China's population is aging faster than any that of other country in the world. It will have 400 million people age 60 and older by 2020, and 100 million older than 80. By 2050, a third of the 1.4 billion Chinese will be at least 60.

In most of Asia, the family and the individual are expected to jointly take care of their own retirement needs. But China and Japan are the exceptions to this rule, according to a survey of over 21,000 people in 25 countries and territories by HSBC Insurance and the Oxford Institute of Ageing. In China, government is seen as the most important contributor to retirement income. A reported 90 percent of workers are eligible for China's basic social security plan. Self and family are the second most important factors for retirement security, while the employer is least important, HSBC found. (In all of North America, the individual alone is seen as the dominant contributor to retirement income.)

While the United States has just above two children per couple, each Chinese couple is allowed only one child. And China's generation made up almost completely of only children is now entering the workforce. Many young people are leaving their parents in search of greater economic opportunities in China's cities, further removing modern China from the culture in which children were once expected to care for their parents when they reached retirement age.

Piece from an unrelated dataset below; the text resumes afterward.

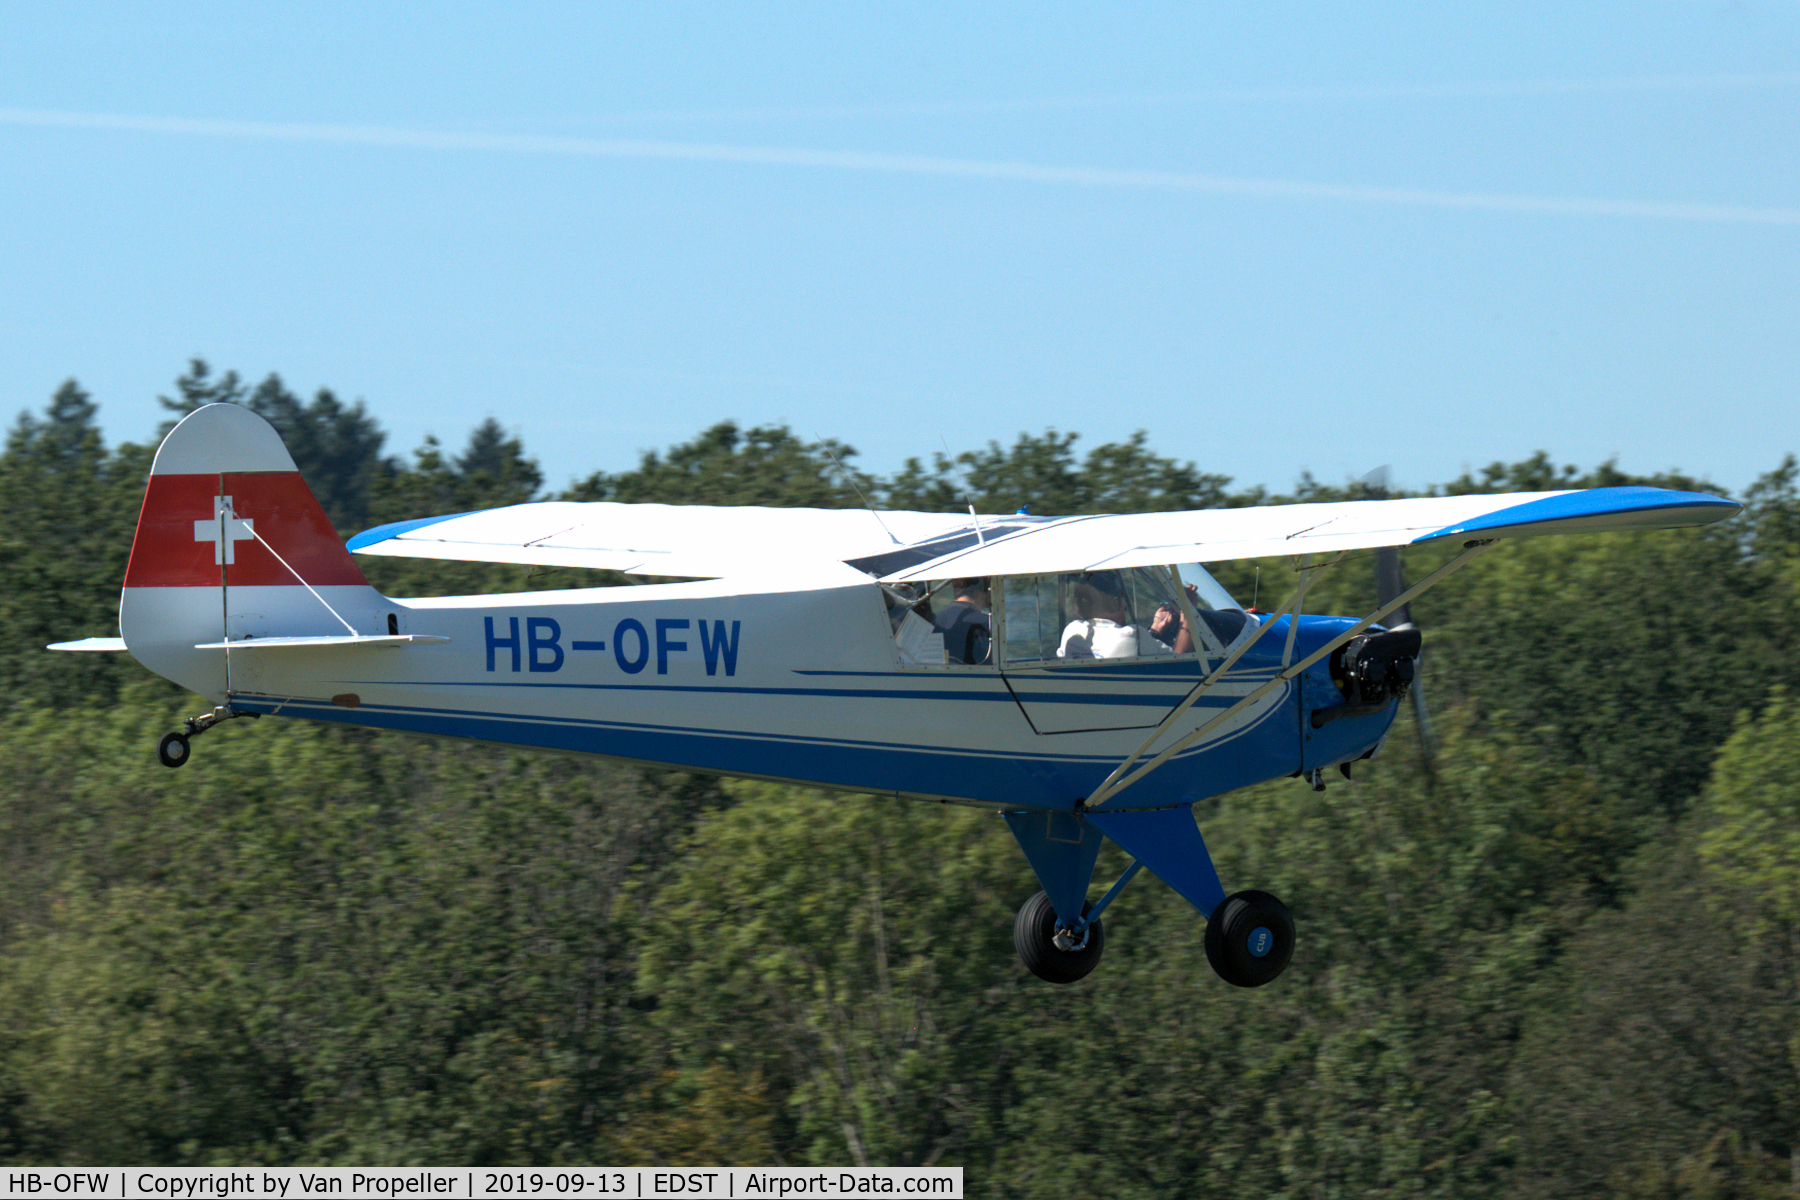 HB-OFW, 1944 Piper L-4H Grasshopper (J3C-65D) C/N 12273, Piper L-4H Grasshopper about to land at Hahnweide airfield, Germany. OTT 2019

But Chinese workers are optimistic about their retirement preparedness. A different survey of 26 countries by wealth management and insurance firm AXA Group found that 80 percent of working people in China think their retirement income will be sufficient, the highest proportion among all the surveyed countries. The "Chinese have the highest aspirations and are amongst the most optimistic in the world towards living a happy retirement life," says Jamie McCarry, president and CEO of AXA-MM. "They want to travel, be active, participate in sports, leave an inheritance for their children, and people want to retire earlier—at 53—than all countries surveyed."